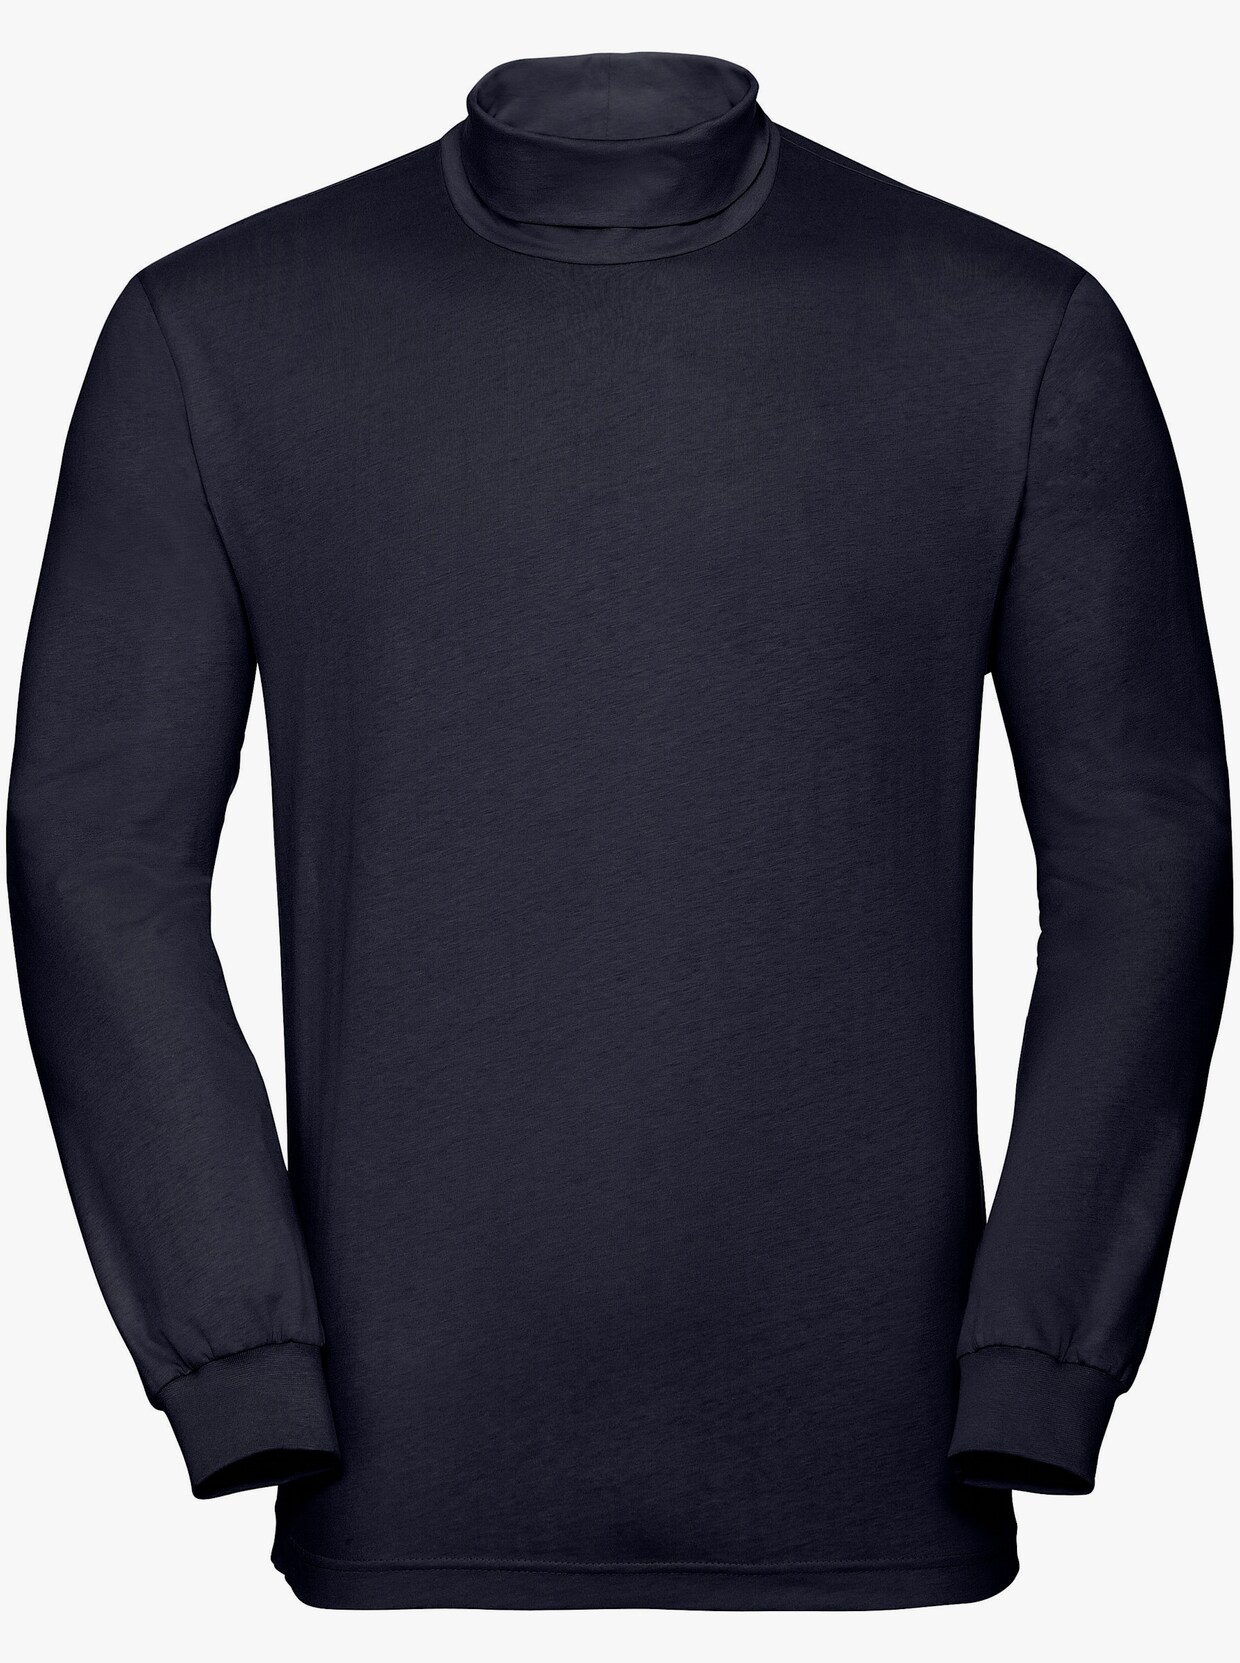 Rollkragen-Shirt - schwarz
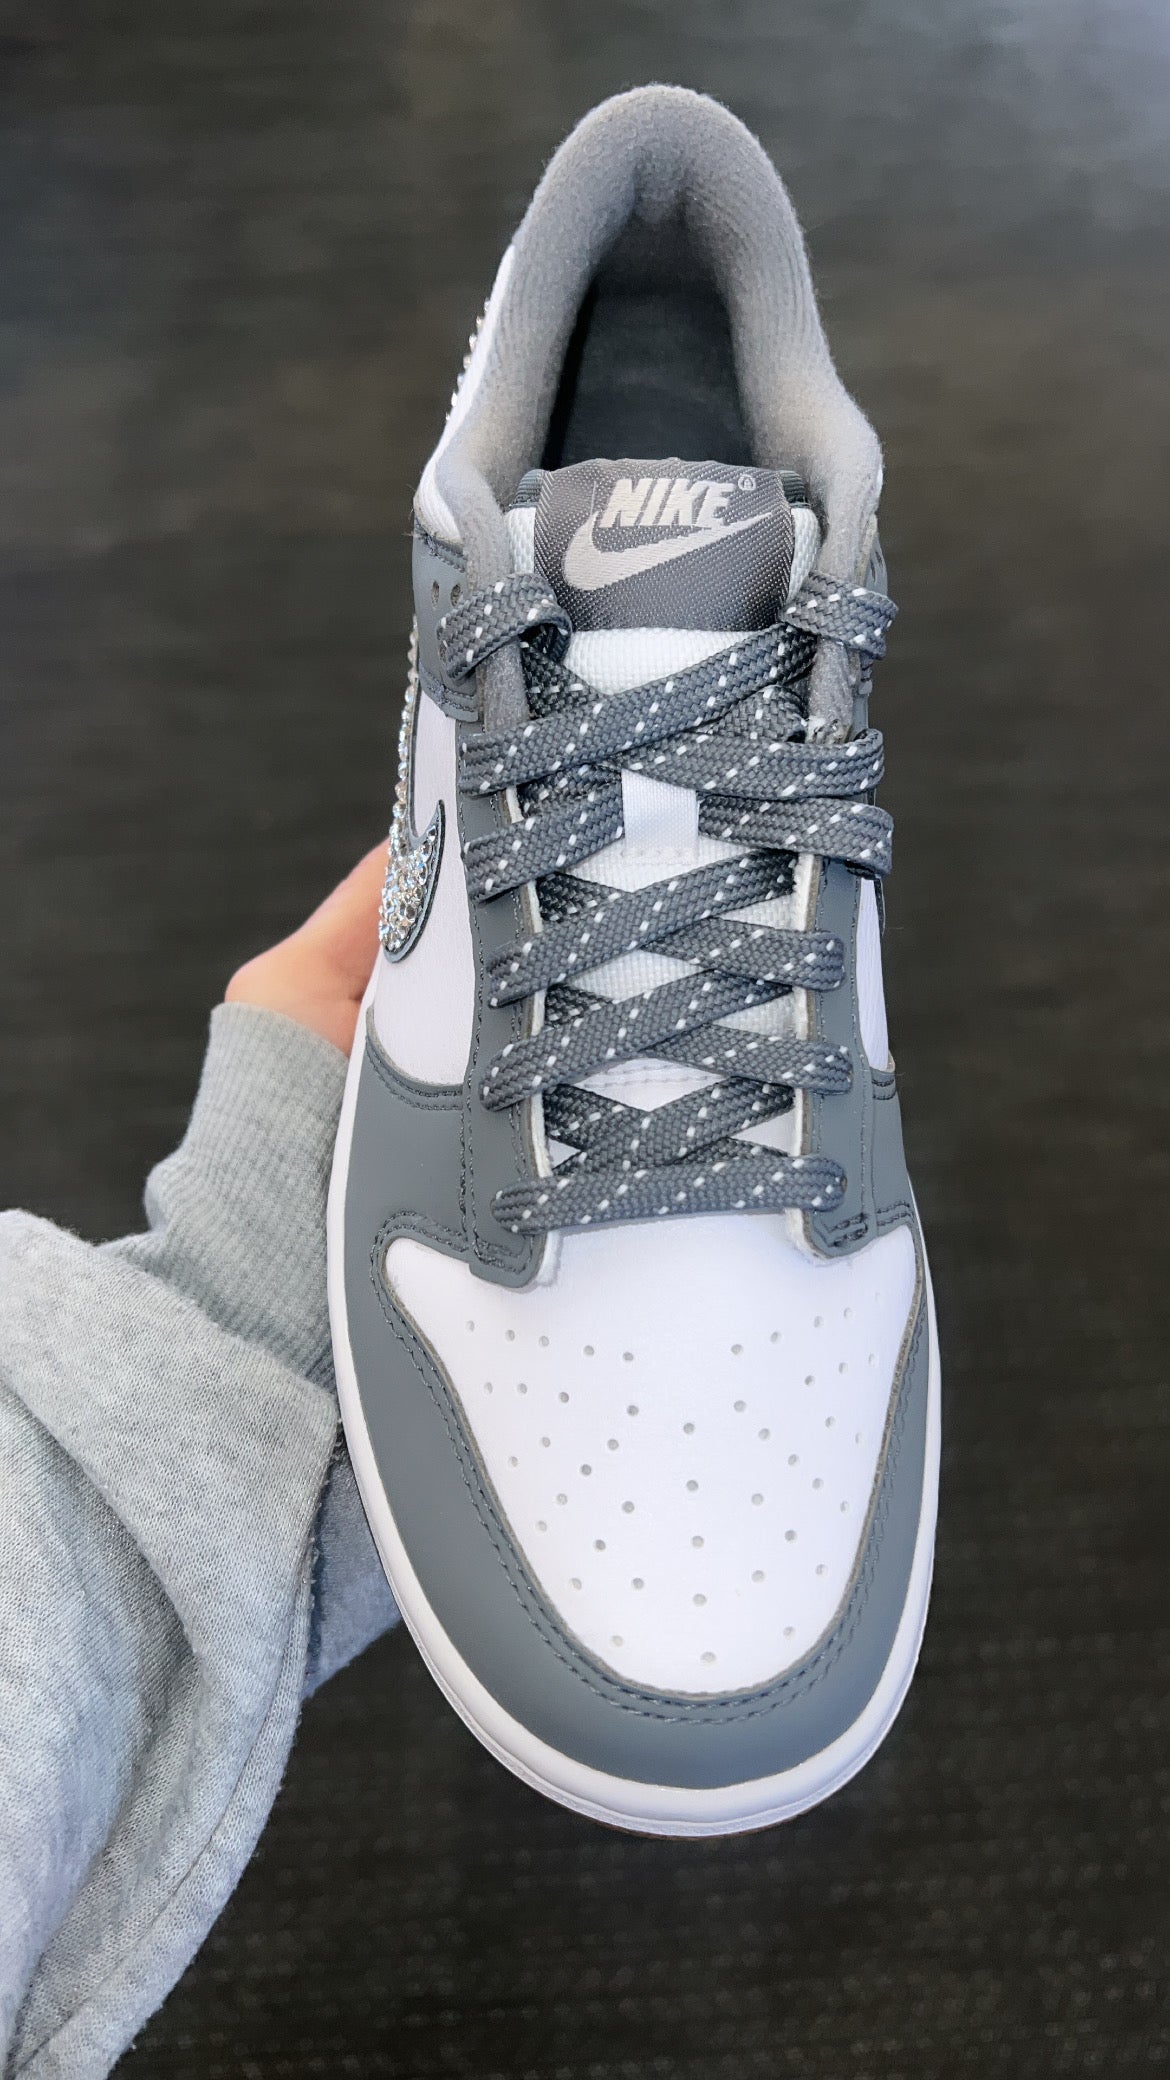 Nike Dunk Low "Smoke Grey" with Swarovski Crystals
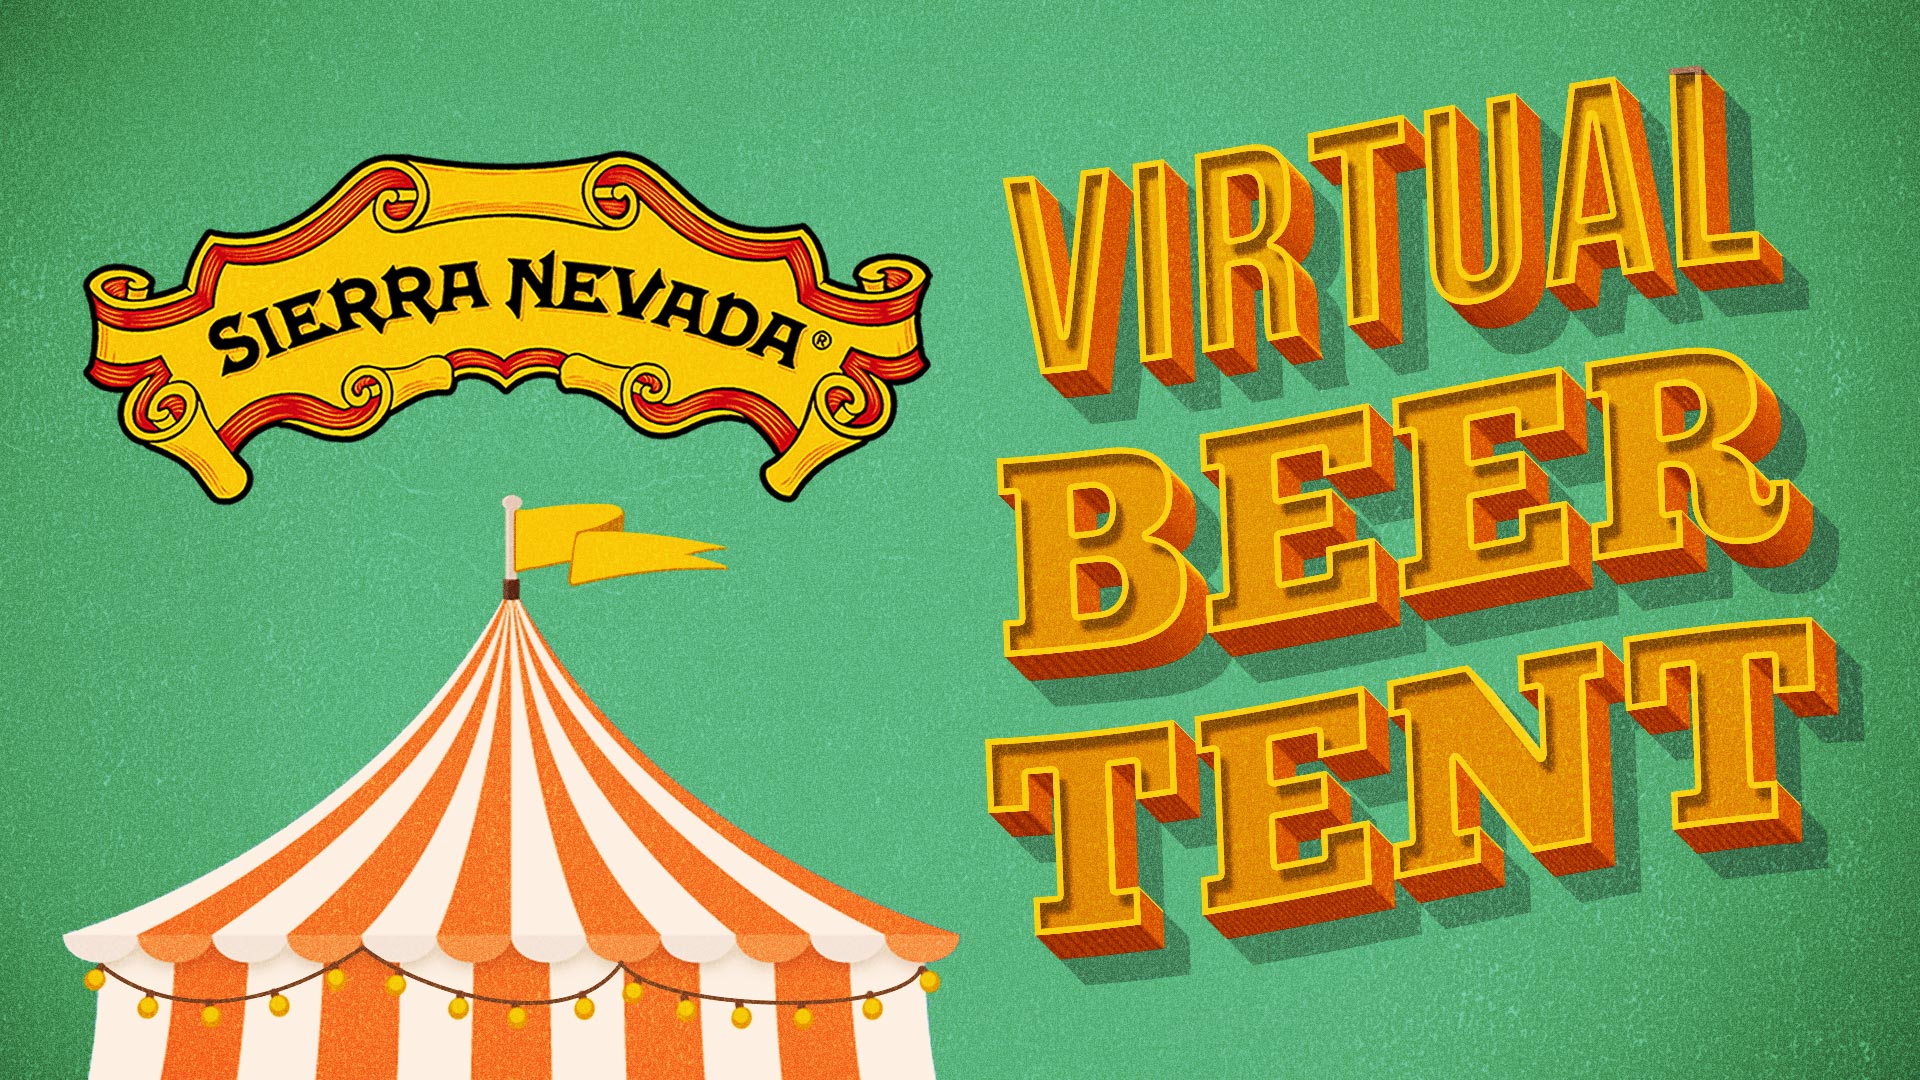 Sierra Nevada Virtual Beer Tent
* * *
§ Aim of the task
Take the lines from the one containing "Nike Dunk Low" through the final line of the listing above and print them exactly, including both ends but no pictures.

§ Exercise answer
 Nike Dunk Low "Smoke Grey" with Swarovski Crystals
 Sierra Nevada Virtual Beer Tent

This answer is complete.